Now I can use the coverage only files and `parse_coverage()` to create a numpy array for ML


In [1]:
import os
os.chdir("..\data")

In [2]:
from itertools import islice
import numpy as np

def parse_coverage(filename):
    arr = []
    n = 2000  # Or whatever chunk size you want
    with open(filename, 'rb') as f:
            for n_lines in iter(lambda: tuple(islice(f, n)), ()):
                    to_arr = np.asarray(n_lines,dtype=np.int)
                    arr.append(to_arr)


    arr = np.array(arr,np.int)
    return arr

In [3]:
import pickle, os, sys
import numpy as np

enh = parse_coverage("data\dnase_enhancers_cov_only.txt")
no_enh = parse_coverage("data\dnase_non-enhancers_cov_only.txt")
class_e = np.ones(enh.shape[0])
class_n = np.zeros(no_enh.shape[0])
classes = np.concatenate((class_e,class_n))
features = np.concatenate((enh,no_enh))
print("Number of enhancers peaks: {} \nNumber of non-enhancer peaks: {}".format(enh.shape[0],no_enh.shape[0]))
print("Naive accuracy (largest class): {}".format(no_enh.shape[0]/(no_enh.shape[0]+enh.shape[0])))
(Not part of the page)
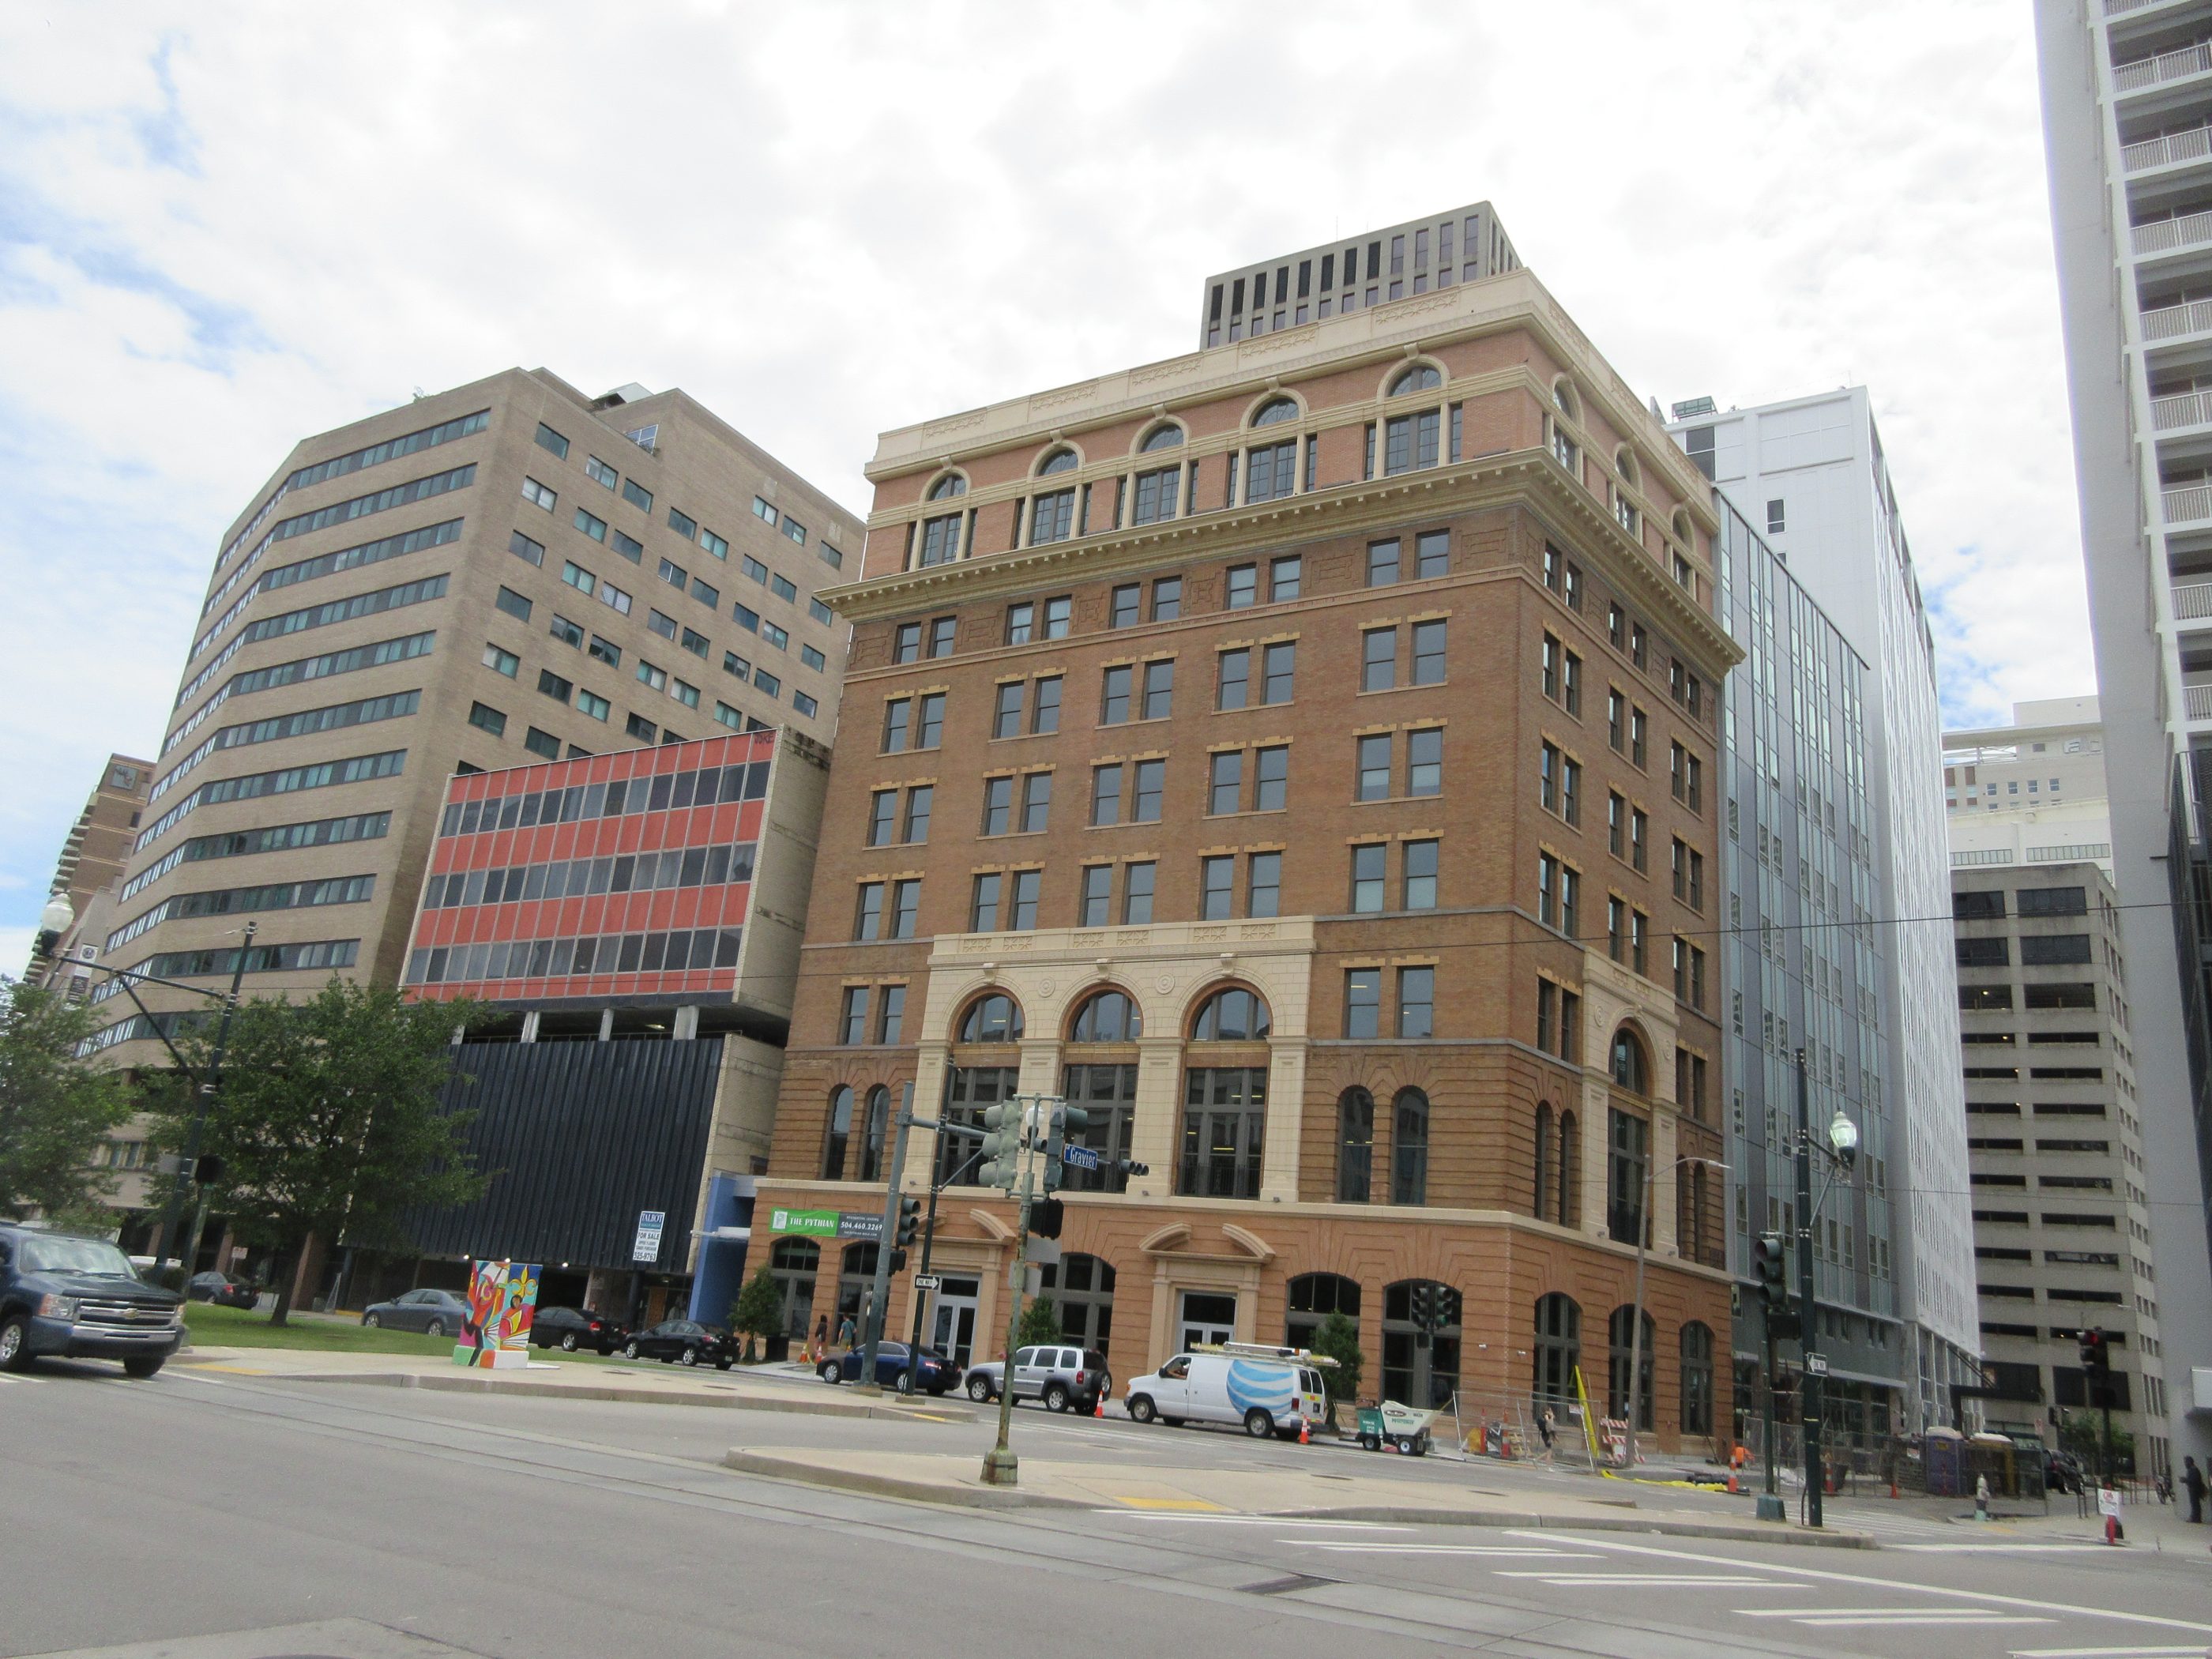 View from across the street of a restored nine-story building dating from 1909. The facade is brick and terra cotta, with arch details over the second-story windows and on the top floor windows.
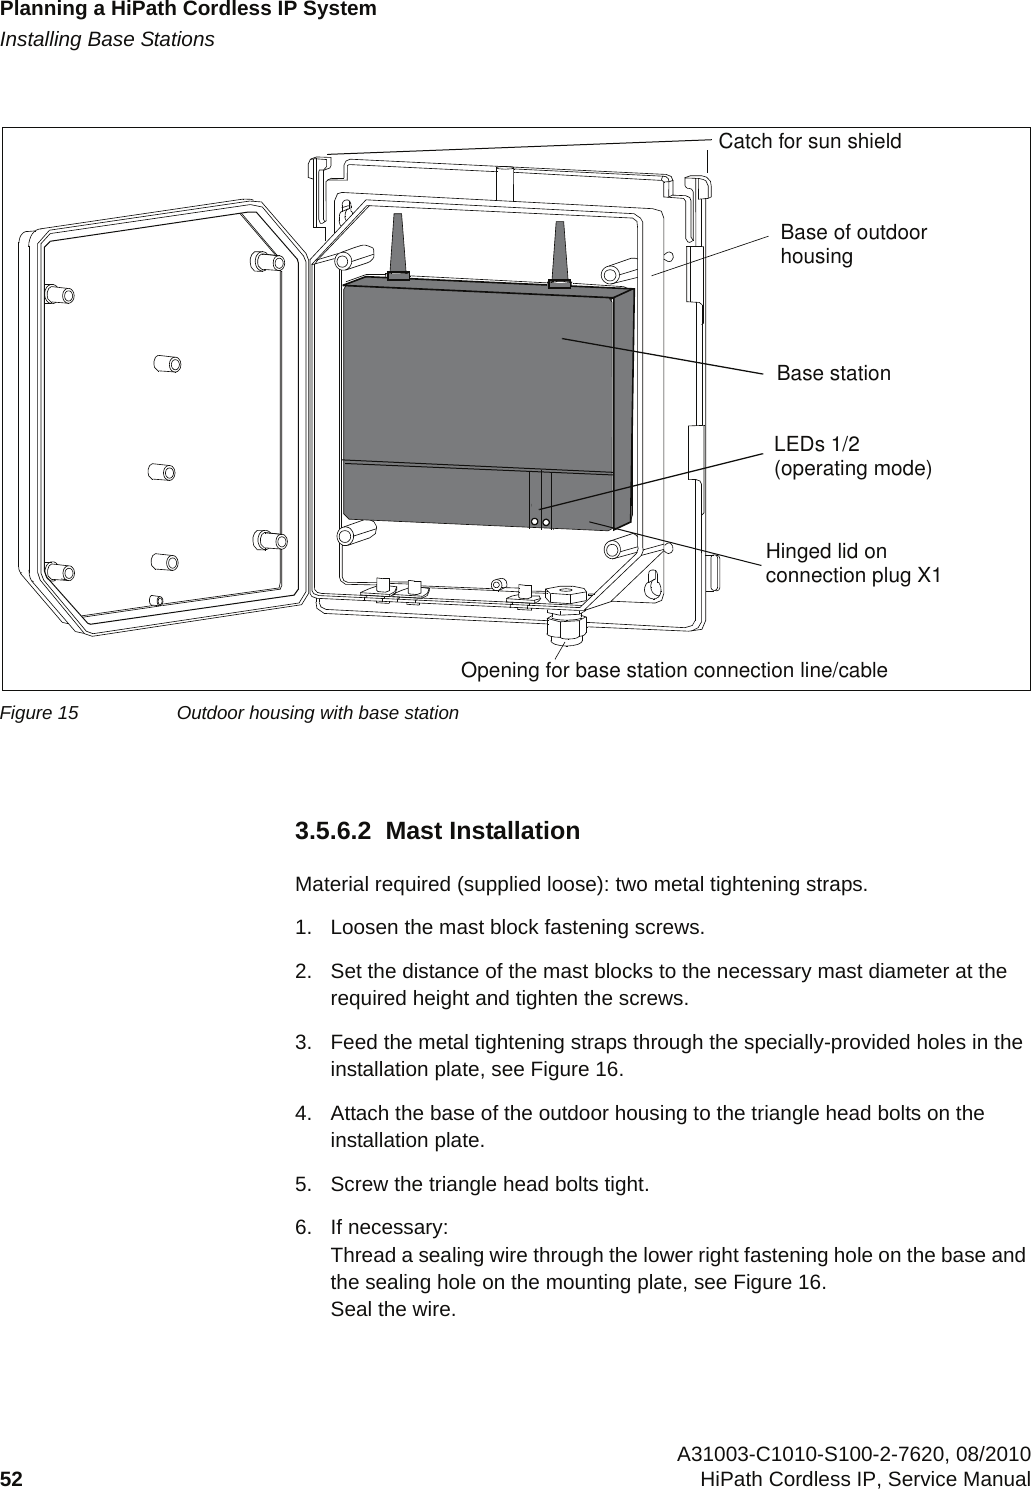 Planning a HiPath Cordless IP Systemc03.fmInstalling Base Stations A31003-C1010-S100-2-7620, 08/201052 HiPath Cordless IP, Service Manual          3.5.6.2  Mast InstallationMaterial required (supplied loose): two metal tightening straps.1. Loosen the mast block fastening screws.2. Set the distance of the mast blocks to the necessary mast diameter at the required height and tighten the screws.3. Feed the metal tightening straps through the specially-provided holes in the installation plate, see Figure 16.4. Attach the base of the outdoor housing to the triangle head bolts on the installation plate.5. Screw the triangle head bolts tight.6. If necessary:Thread a sealing wire through the lower right fastening hole on the base and the sealing hole on the mounting plate, see Figure 16. Seal the wire.Figure 15 Outdoor housing with base stationCatch for sun shieldBase of outdoorhousingBase stationLEDs 1/2(operating mode)Hinged lid onconnection plug X1Opening for base station connection line/cable

Number of enhancers peaks: 95033 
Number of non-enhancer peaks: 134446
Naive accuracy (largest class): 0.5858749602360129


Now that I have the coverage data in a neat numpy array, I can do some ML. As a baseline, our algorithm should perform better than the naive accuracy: ~59%

Before I create a model, I will split the data into stratified training and testing sets:

In [4]:
from sklearn.model_selection import train_test_split
from keras.utils import np_utils
features2 = np.expand_dims(features, axis=2)
X_train, X_test, y_train, y_test = train_test_split(features2, classes, test_size=0.4,shuffle=True, random_state=42,stratify=classes)
y_train = np_utils.to_categorical(y_train, 2)
y_test = np_utils.to_categorical(y_test, 2)

Using TensorFlow backend.


## Training a 1D CNN 

I will use the same CNN architecture usd by Anshul Kundaje's lab (Max Pooling -> Convolution -> Max Pooling --> Convolution --> Global Max Pooling --> FC layer 1 --> FC layer 2)

In [5]:
#from: https://www.kaggle.com/alexanderlazarev/simple-keras-1d-cnn-features-split
import numpy as np
from keras.models import Sequential
from keras.layers import Dense, Activation, Flatten, Conv1D, Dropout, GlobalMaxPooling1D, MaxPooling1D


def base_model():
    model = Sequential()
    model.add(MaxPooling1D(input_shape=(2000, 1)))
    model.add(Conv1D(filters=3, kernel_size=50, input_shape=(2000, 1), activation = 'relu'))
    model.add(Dropout(0.4))
    model.add(MaxPooling1D())
    model.add(Conv1D(filters=3, kernel_size=50, activation = 'relu'))
    model.add(GlobalMaxPooling1D())
    model.add(Dense(512, activation='relu'))
    model.add(Dropout(0.4))
    model.add(Dense(256, activation='relu'))
    model.add(Dropout(0.4)) 
    model.add(Dense(2,activation='softmax'))
    model.compile(loss='categorical_crossentropy',optimizer="adam",metrics=['accuracy'])
    #model.summary()
    return model

Now training a CNN on over 200k 1X2000 arrays will be very computationally intensive. Since I am running this on my desktop, I will instead randomly subsample 40k rows from the training set and 10k rows from the testing set. 

In [6]:
index=np.random.randint(0,X_train.shape[0],40000)
index2=np.random.randint(0,X_test.shape[0],10000)
X_train_sub = X_train[index]
y_train_sub = y_train[index]
X_test_sub = X_test[index2]
y_test_sub = y_test[index2]

Neural Nets generally have a ton of paramters. I can use sklearn's GridsearchCV to find the best parameters. In particular, neural nets are sensitive to batch size([1](https://towardsdatascience.com/a-walkthrough-of-convolutional-neural-network-7f474f91d7bd)). This grid search is inspired by [Machine Learning Mastery](https://machinelearningmastery.com/grid-search-hyperparameters-deep-learning-models-python-keras/).

In [7]:
from keras.wrappers.scikit_learn import KerasClassifier
from sklearn.model_selection import cross_val_score
from sklearn.model_selection import KFold
from sklearn.model_selection import GridSearchCV
model = KerasClassifier(build_fn=base_model, verbose=0)
batch = [10, 60, 120]
epochs = [5,10,20]
param_grid = dict(batch_size=batch, epochs=epochs)
grid = GridSearchCV(estimator=model, param_grid=param_grid, n_jobs=1, verbose=5)
grid_result = grid.fit(X_train_sub, y_train_sub)
# summarize results
print("Best: %f using %s" % (grid_result.best_score_, grid_result.best_params_))
means = grid_result.cv_results_['mean_test_score']
stds = grid_result.cv_results_['std_test_score']
params = grid_result.cv_results_['params']
for mean, stdev, param in zip(means, stds, params):
    print("%f (%f) with: %r" % (mean, stdev, param))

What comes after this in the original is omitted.